Rodrigo Albuquerque Prudente

RA:236201

Podemos obter conhecimento de algo que nunca tivemos contato sensorial? Segundo

Russell, isto é possível, pois além de sermos capazes de conhecer algo diretamente pela

experiência, também conseguimos saber, por outros meios, que algo é verdade sem nenhuma

experiência direta com tal coisa. Por exemplo: lendo um livro, posso saber que a Torre Eiffel

está em Paris sem nunca ter ido para lá e até mesmo sem nunca ter visto a torre. Isto é o que

ele denomina de conhecimento de verdades, na qual sempre envolve proposições. De outro

modo, quando vamos até Paris e tocamos a Torre Eiffel, temos um conhecimento direto do

objeto experimentado pela sensação, e isso Russel chama de conhecimento de coisas. Em

outras palavras, podemos “saber que” algo é verdade e também podemos “conhecer a coisa”

em questão diretamente. Assim notamos uma diferença entre “saber que a Torre Eiffel está

em Paris” e “conhecer a Torre Eiffel sensorialmente”.
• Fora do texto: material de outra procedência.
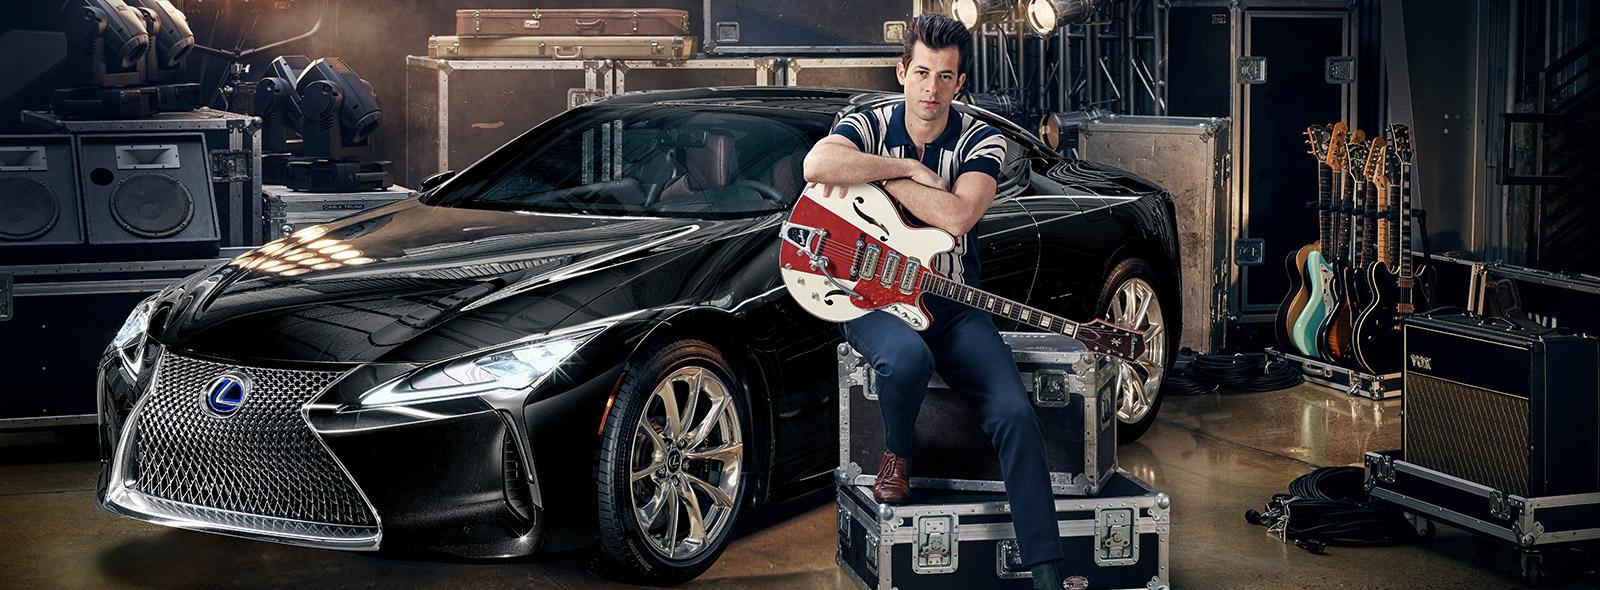 Mark Ronson med gitarr framför svart Lexus LC 500h
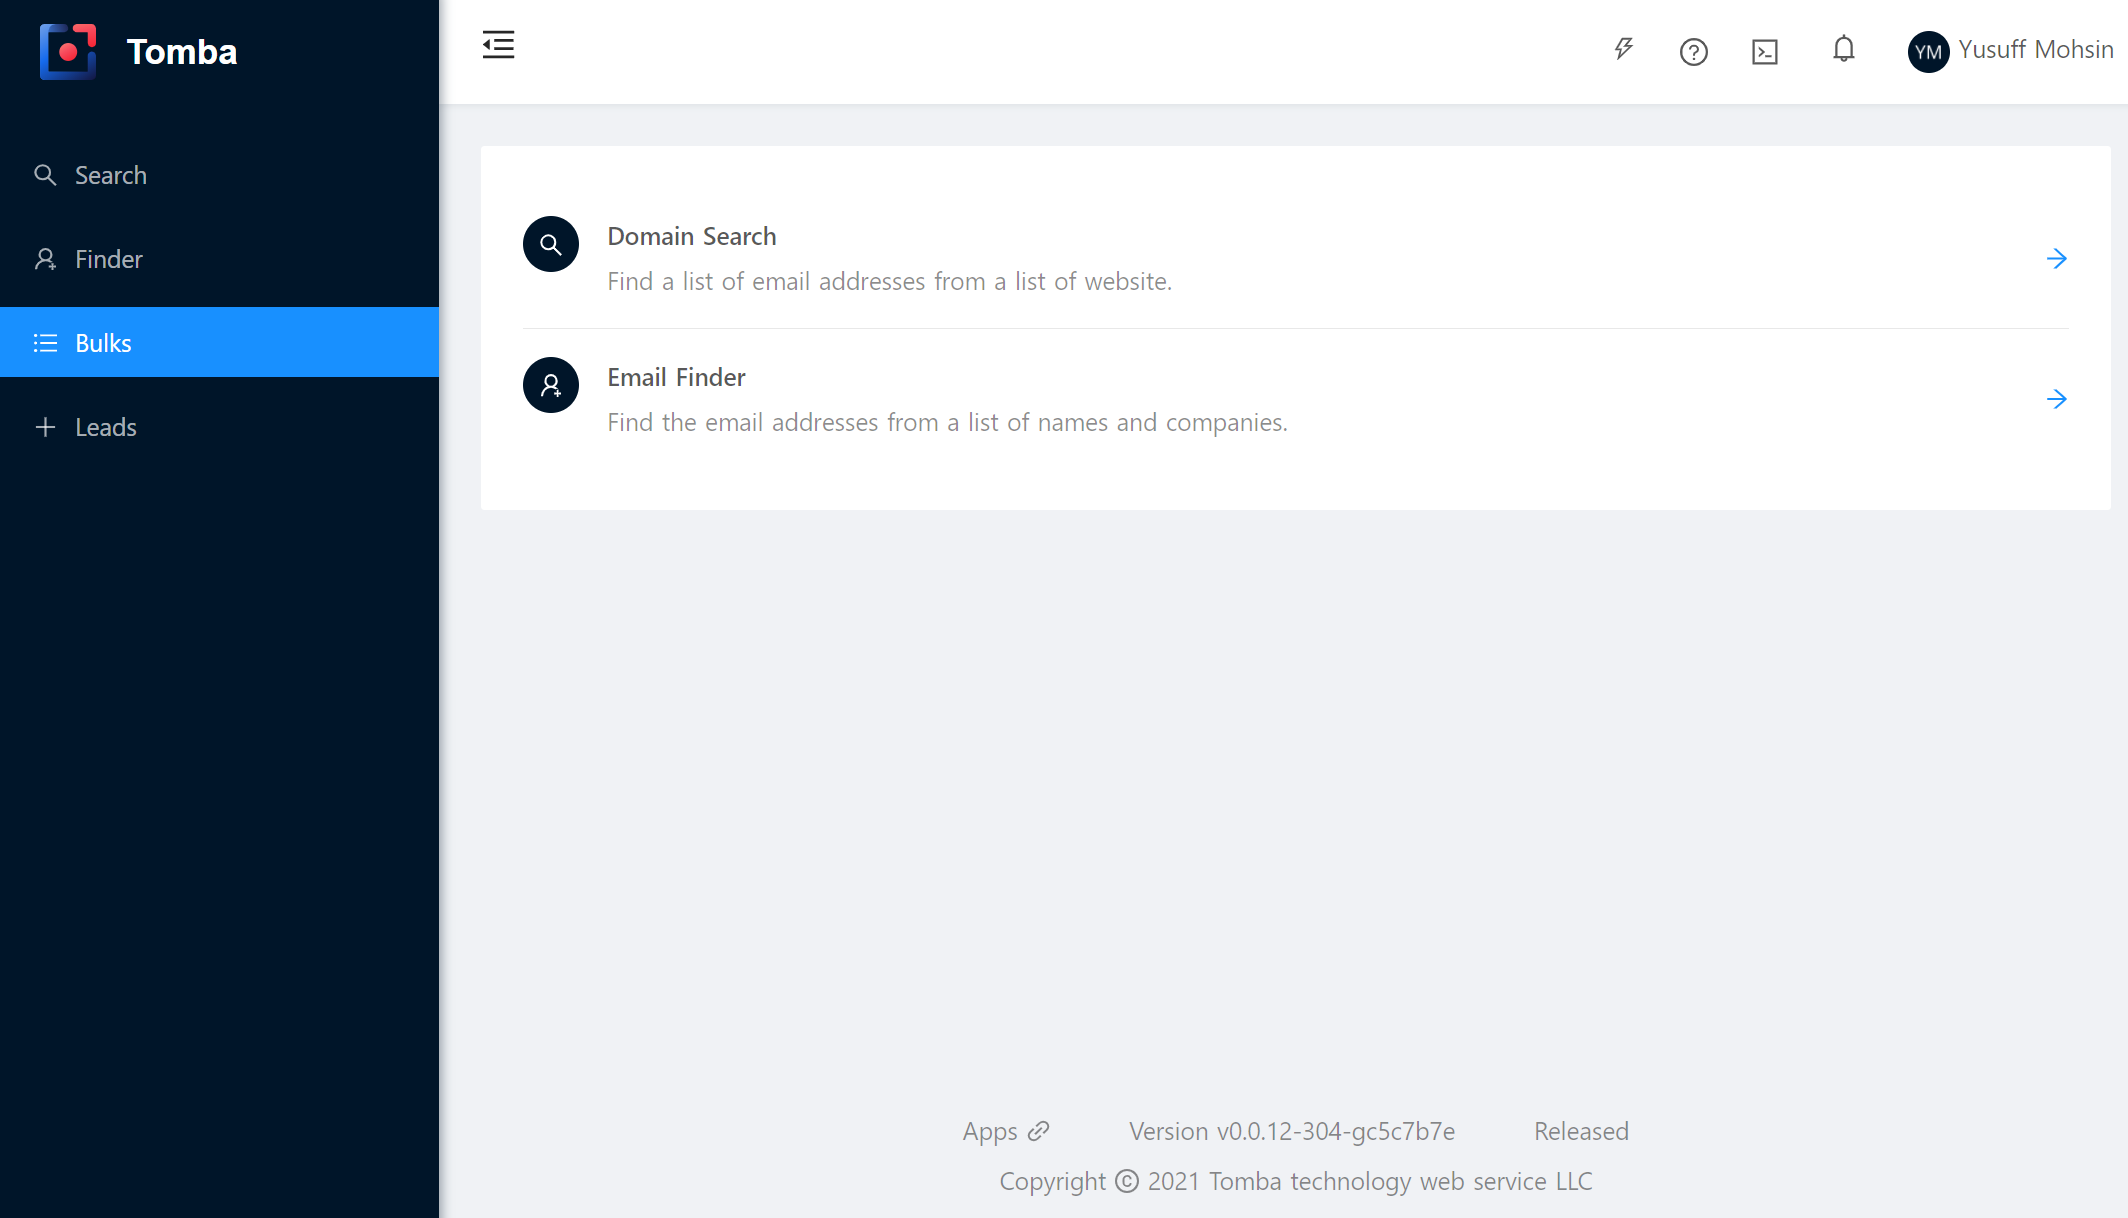 Tomba.io - Bulk Email Search

Para entender melhor estes tipos de conhecimentos, Russell subdivide o conhecimento

de coisas em duas espécies: conhecimento por acquaintance e conhecimento por descrição. O

primeiro é mais simples e logicamente independente do conhecimento de verdades,

englobando aquilo que está posto aos nossos sentidos e à nossa mente sem intermediações, ou

seja, aquilo de que somos conscientes diretamente, como as variadas cores de um objeto

qualquer ou lembranças e sentimentos. O segundo, sempre precisará implicar algum

conhecimento de verdades, pois esse é o seu fundamento, já que se trata de proposições. É

importante saber que todo conhecimento se baseia no conhecimento por acquaintance e isto

resulta em um princípio. Por agora vamos analisar cada uma destas espécies de conhecimento.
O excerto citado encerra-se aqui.